Step-by-step on the theory, implementation in python, and analysis using scikit-learn about the algorithm previously taken up in "Classification of Machine Learning" I will study with. I'm writing it for personal learning, so I'd like you to overlook any mistakes.
So far, we have seen "simple regression" and "multiple regression", but both have talked in the same field of linear regression. This time, I would like to summarize the "** linear basis regression model " that generalizes linear regression and the " gradient descent method **" for optimizing the loss function. The following sites were referred to this time.
To draw an approximate curve for the data sequence, the simple regression model is
y=w_0x_0+w_1x_1+\cdots+w_nx_n
It was to be approximated by. Furthermore, it can be seen that for simple regression, only two items of the multiple regression equation were used.
Now, if the weight of each term is $ (w_0, w_1, \ cdots, w_n) $, the function of the model can actually be anything, and if this is $ y = \ phi (x) $,
y(\boldsymbol{x}, \boldsymbol{w}) = \sum_{j=0}^{M-1}w_j\phi_{j}(\boldsymbol{x})
It is expressed as. $ \ boldsymbol {w} = (w_0, w_1, \ cdots, w_ {M-1}) ^ T $, $ \ boldsymbol {\ phi} = (\ phi_0, \ phi_1, \ cdots, \ phi_ {M-1 }) ^ T $. If $ \ phi_0 = 1 $ (intercept term),
y(\boldsymbol{x}, \boldsymbol{w}) = \boldsymbol{w}^T\phi(x)
become. This $ \ phi (x) $ is called ** basis set **.
The generalized expression means that linear regression means finding a sequence of coefficients $ \ boldsymbol {w} $ that best represents a given sequence of data by combining some basis functions. ..
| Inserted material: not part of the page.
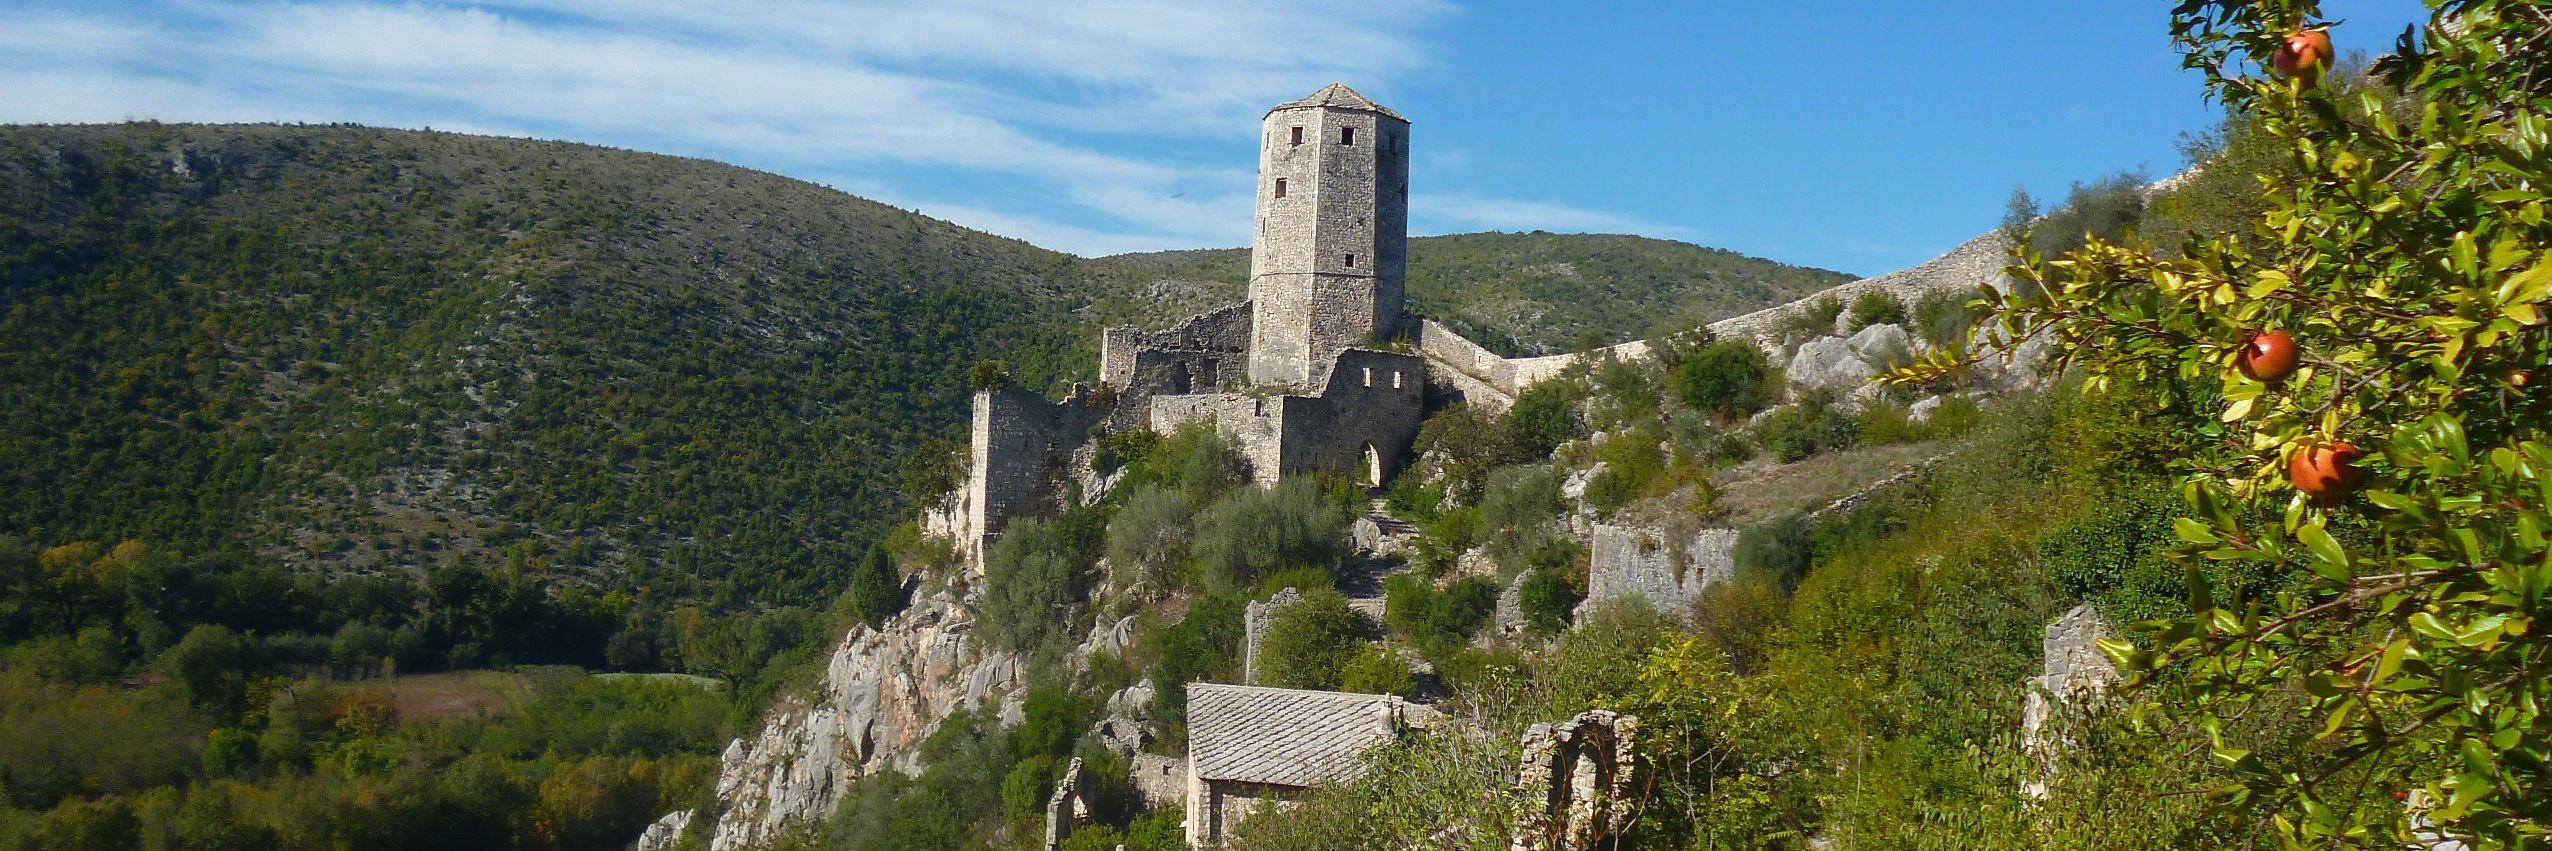 Башня капитана Гаврана

scikit-learn allows you to use various basis functions for regression.
For simple regression and multiple regression, we found a coefficient that minimizes the sum of squared residuals. Although it was possible to find w mathematically with simple regression, it is often very difficult to find a solution analytically when the basis function is complicated or the data has many dimensions. In such cases, it is necessary to find the coefficient approximately. At that time, "** gradient descent method **" is used. Literally, it is a method to find the optimum value while going down the slope (gradient).
Think about how to find the coefficients, including how to solve them mathematically. It is described in detail below.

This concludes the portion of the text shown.